To actually add the fields, look under the text of the tiddler where it says Add a new field, fill in the field name and field value textboxes as appropriate, and click the add button or press the Enter key.

A couple of notes about fields:

  • We'll want to be sure we use the same field names on every contact tiddler, or else we won't be able to cross-reference the values across different tiddlers. The drop-down for field name will show the names you've used in the past to reduce the chances of misremembering what you called it. Like tiddler names, field names are case-sensitive.
  • Similarly, it's a good idea to be sure to use a consistent format across all tiddlers. For instance, for the phone number, decide that you use the nnn-nnn-nnnn format, rather than nnnnnnnnnn or (nnn) nnn-nnnn, and then use that across all contact tiddlers.
  • The family field is an example of a tiddler list (or just list), which consists of tiddler names separated by spaces. If your tiddler names have spaces in them, you put each tiddler name in double square brackets as if it were a link: [[John Doe]] [[Emily Doe]]. TiddlyWiki understands that lists are a series of separate tiddler names and can work with the values individually. We'll learn more about lists in the next chapter.
  • Field names conventionally contain only lowercase letters and hyphens (-). (Once upon a time, other characters were entirely disallowed.) Unless you have a good reason to do something else, it makes sense to follow this convention; aside from it being common practice, this draws a clear distinction between tiddler names (usually capitalized) and field names (usually lowercase), and any filters you write will be cleaner.
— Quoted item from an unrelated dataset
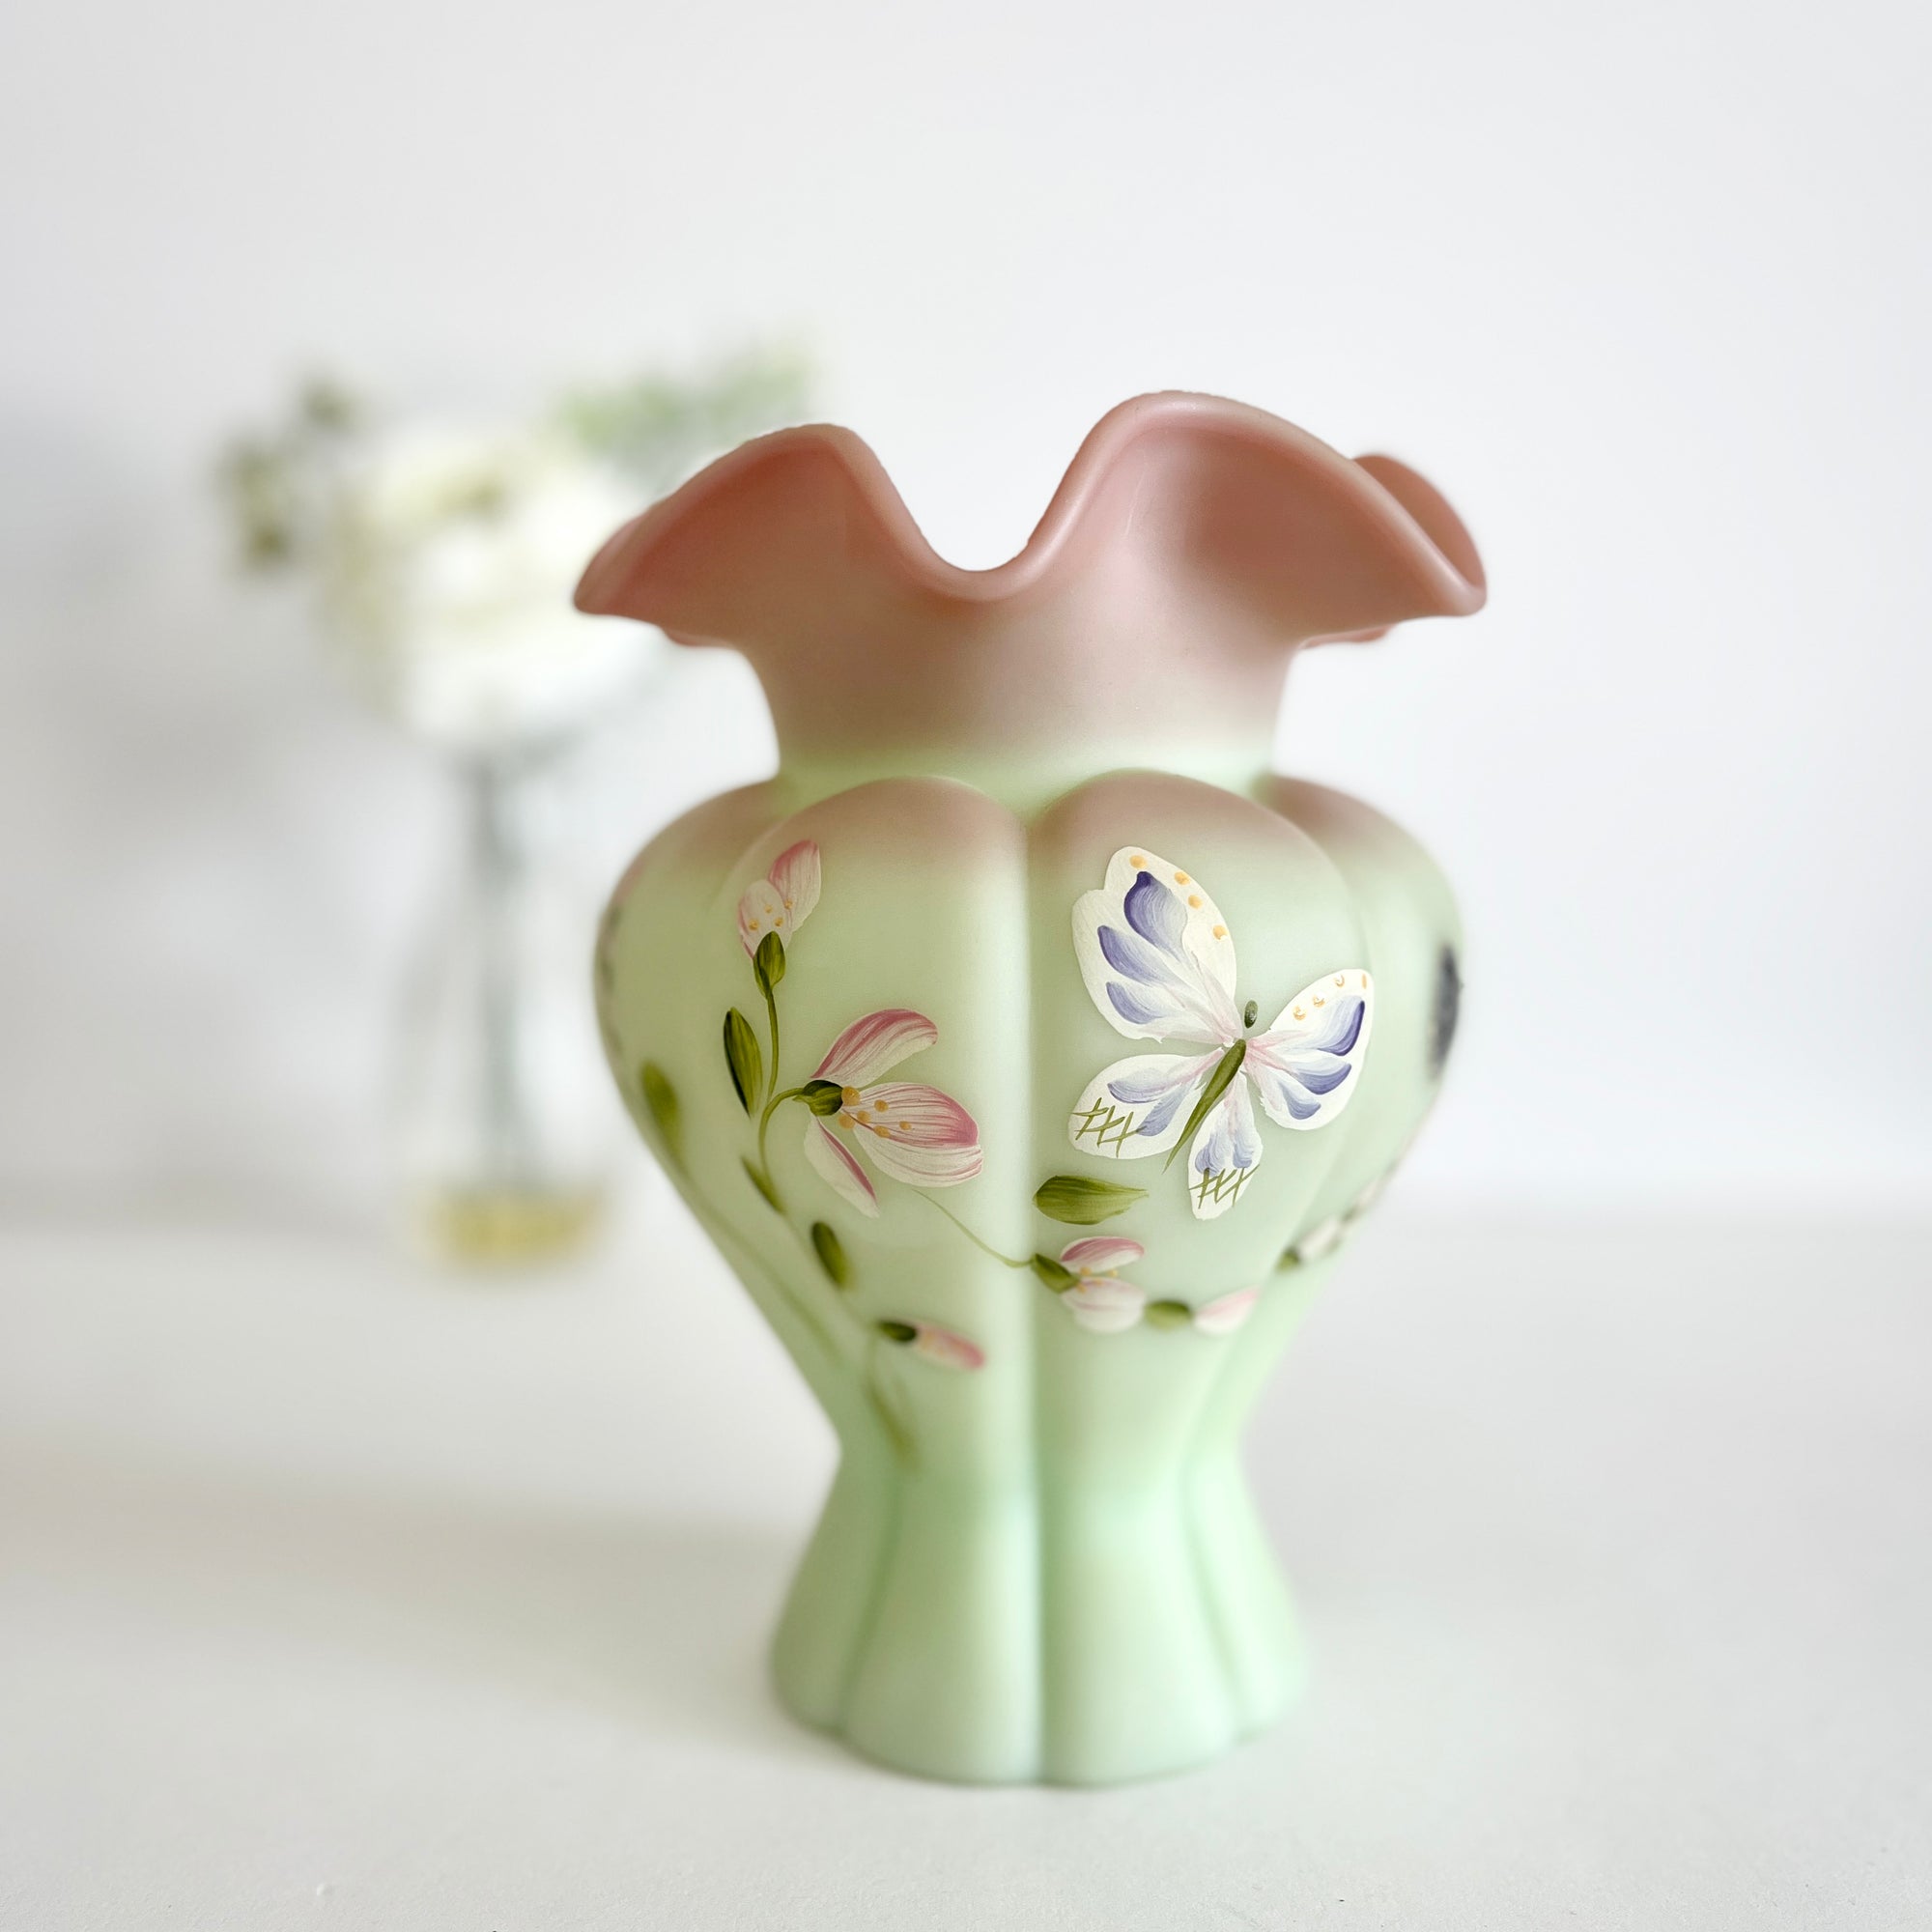 Fenton Limited Edition Hand painted 'Lotus Mist - Whispering Wings' Melon Vase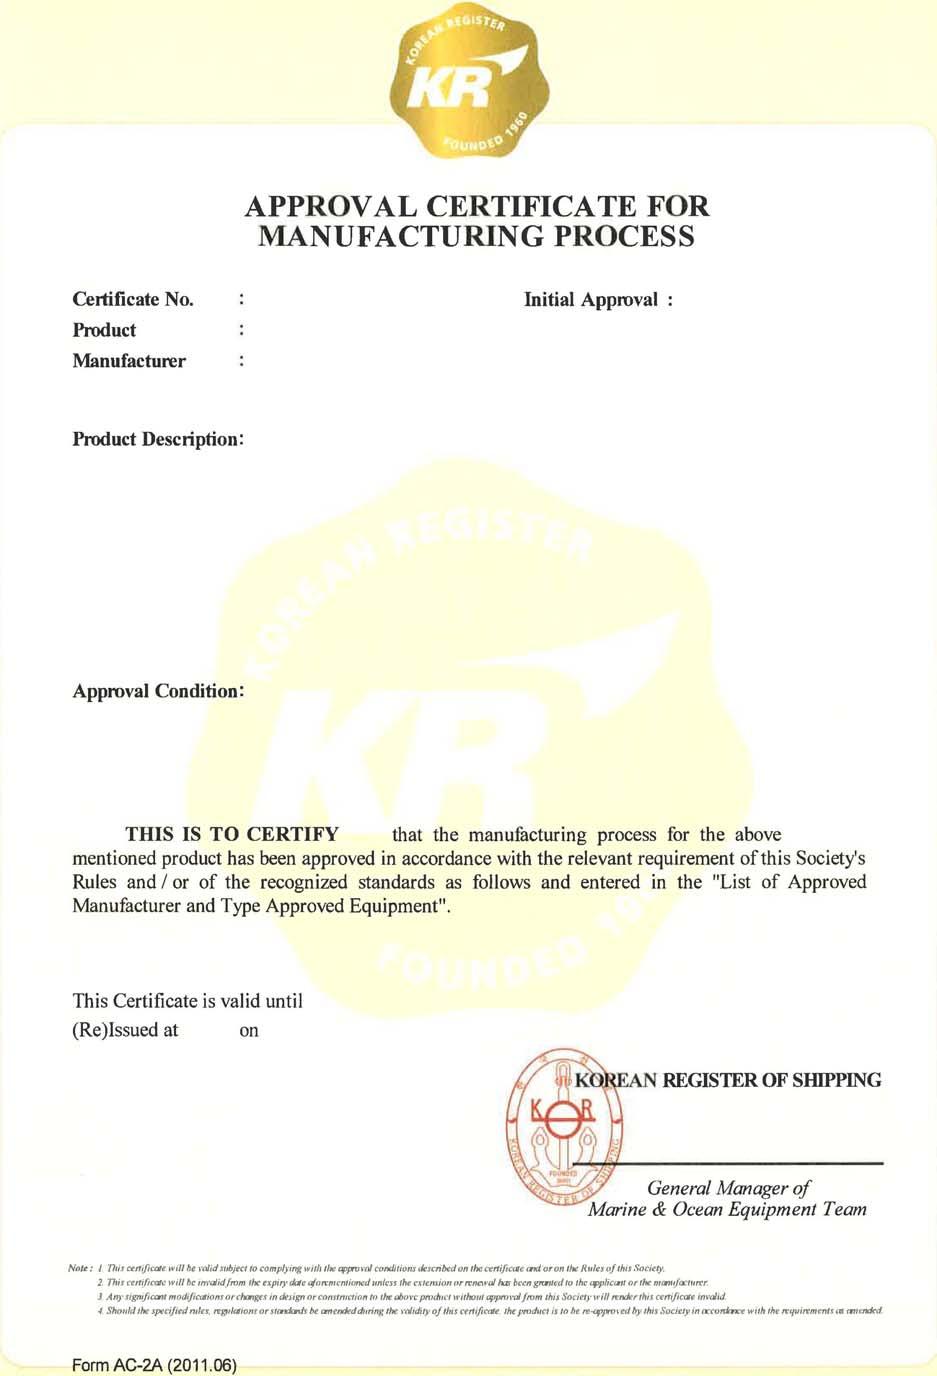 Annex 1 Approval Certificate for Manufacturing Process Annex 1 <1.

Go ahead and save the JaneDoe tiddler. You'll see that your custom fields don't show up anywhere on the tiddler itself, but if you click the info button and then the Fields tab, they'll appear there.

Outstanding issues

You've probably noticed there are some annoying things about our implementation of contacts. These include:

  1. You can't see the fields with Jane's contact information on the tiddler. Having to click the info button and then the Fields tab just to see Jane's phone number might annoy you. We'll solve this in an exercise in chapter 4.
  2. Further, the people in the family and manager fields shown in the info area aren't linked, so you'd have to go search for them if you wanted more information. The exercise mentioned in #1 will solve this issue too.
  3. You have to remember to add the fields every time you create a contact, and there is no prompting about what information to include in the field. We'll discuss how to create custom buttons that create tiddlers with prefilled fields in chapter 6.

For now, we have a working if suboptimal implementation of contacts, so let's proceed to creating some more tiddler types.